The authors explained that over 98 per cent of the world’s output of the platinum group metals is obtained from just three countries, South Africa, Canada and the U.S.S.R., while no less than 65 per cent of the total output of platinum alone is mined from the Merensky Reef of the Bushveld Igneous Complex in South Africa. Existing reserves, that is the known deposits at present being mined, are believed to contain sufficient platinum to last for some 150 years.

When considering both the present and the future availability of the platinum group metals it is most important to remember that the amounts of palladium, rhodium, iridium’ osmium and ruthenium mined are directly proportional to the output of platinum in the case of the South African production, or of nickel in the case of Canadian and Russian material. This is because at present prices it is not economic to mine for them as principal products. The current production of platinum group metals from the Merensky Reef is approximately 93,000 kilograms per year, the composition including: platinum 60, palladium 25 and rhodium 4 per cent.
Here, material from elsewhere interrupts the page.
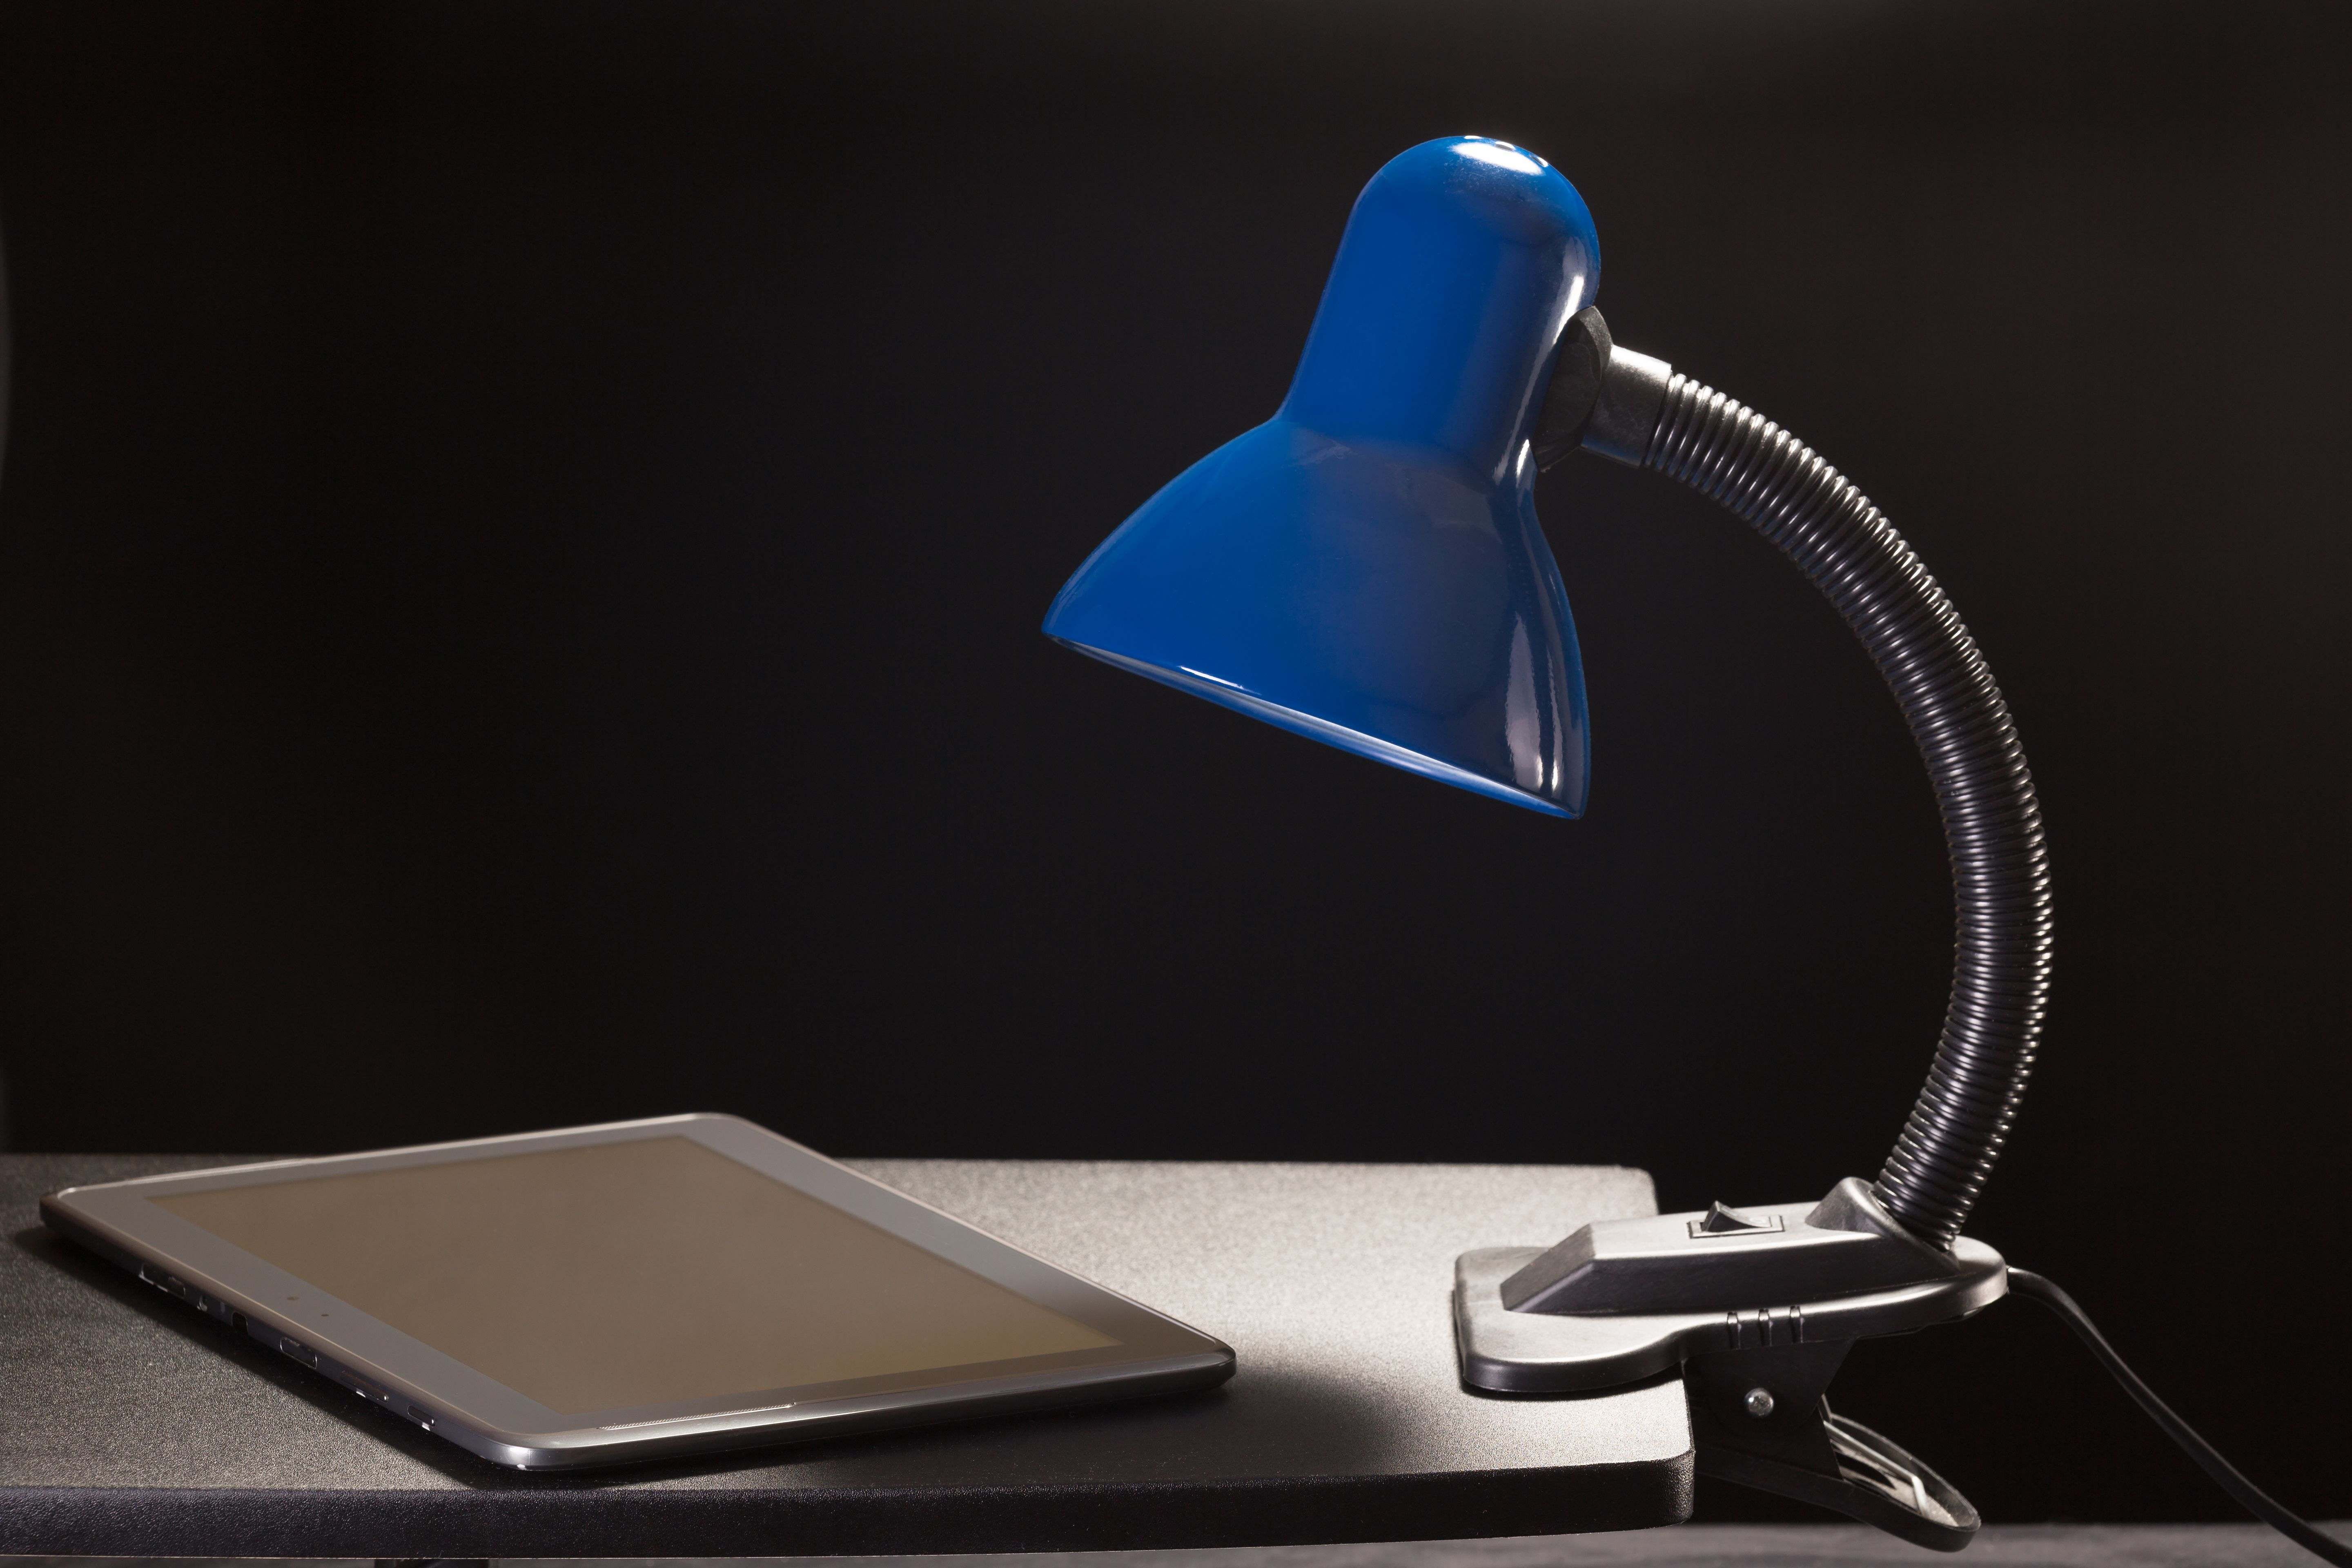 Lampe à pince :  une lampe fonctionnelle pour le bureau, le chevet et le lit
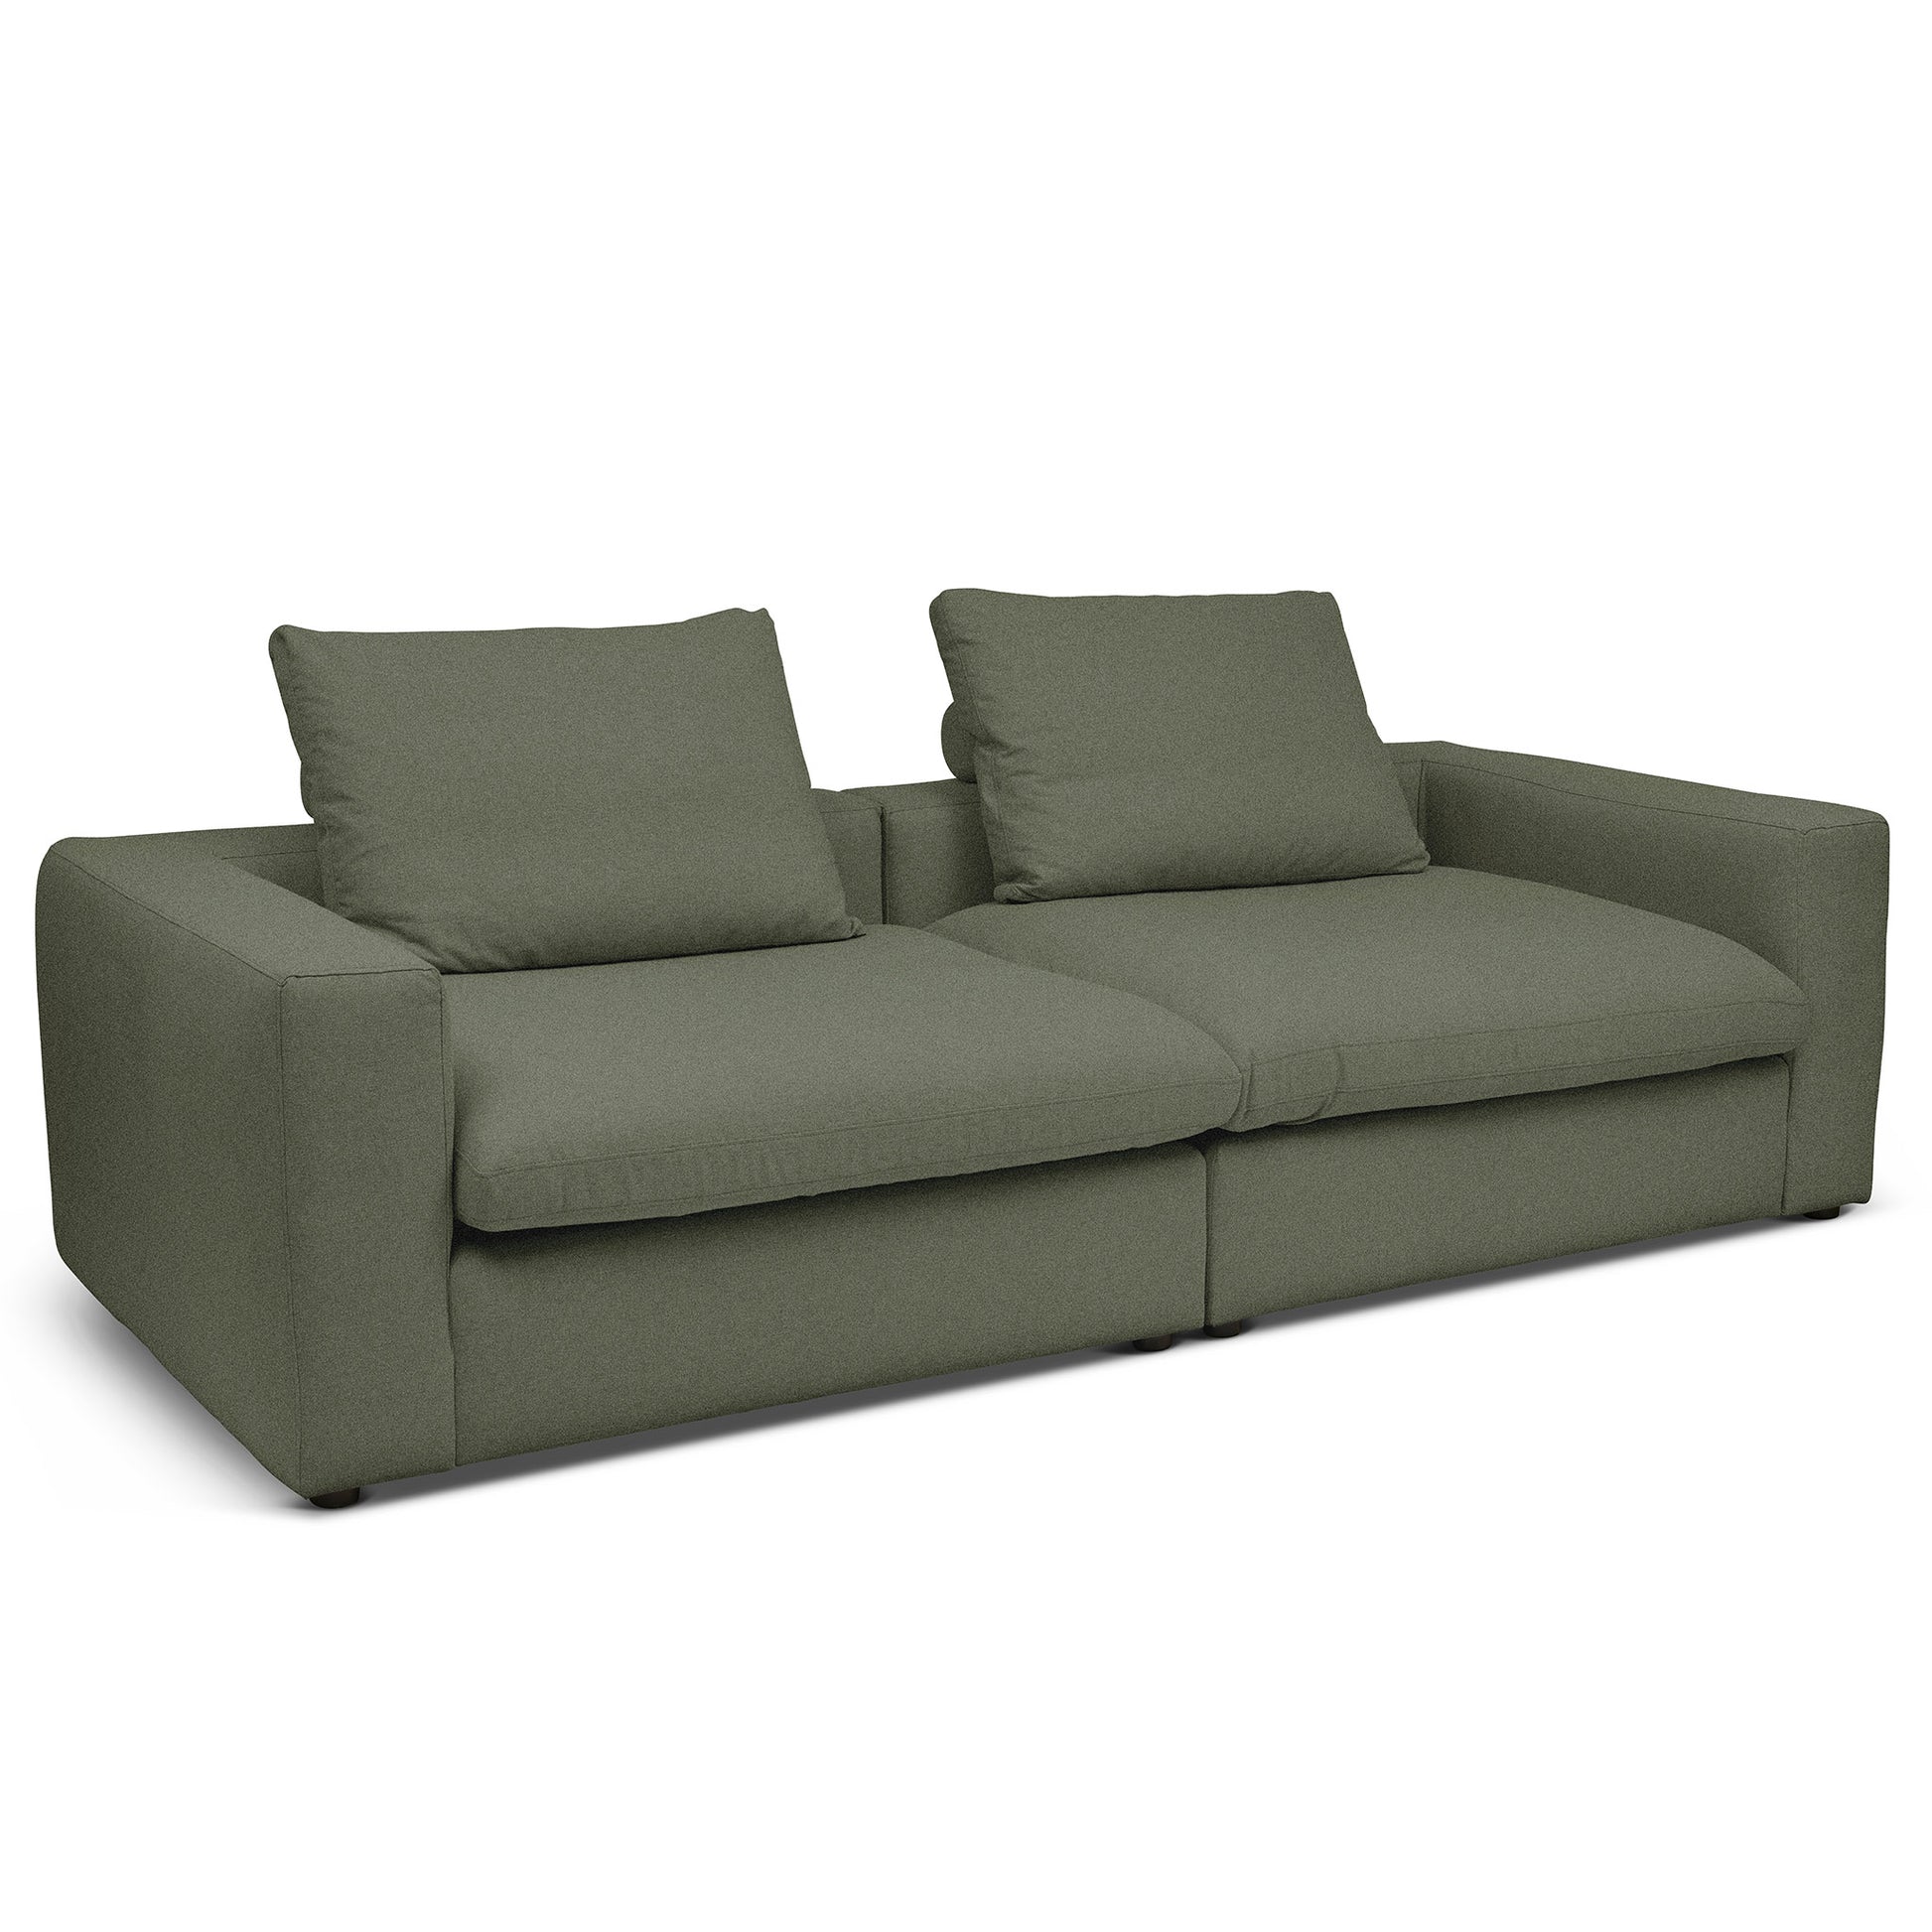 Extra djup 4-sits soffa i grön färg. Palazzo är en byggbar modulsoffa

In addition to the platinum deposits of the Merensky Reef, platinum group metals also occur at two other horizons in the Bushveld Igneous Complex. These are the Upper Chrome Group and the Platreef, and although they are largely unexplored and unmined it is estimated that, if the metals can be extracted economically, the total resources could then last for 400 years.

The usefulness of the platinum group metals to industry is based on their unique properties, including catalytic activity, high melting points and chemical inertness over wide ranges of temperature. Existing and future applications include such topical areas as energy generation and conservation, fertiliser production and pesticide manufacture, pharmaceutical preparation and anti-cancer therapy, the control of noxious emissions and the cathodic protection of ships and other steel structures.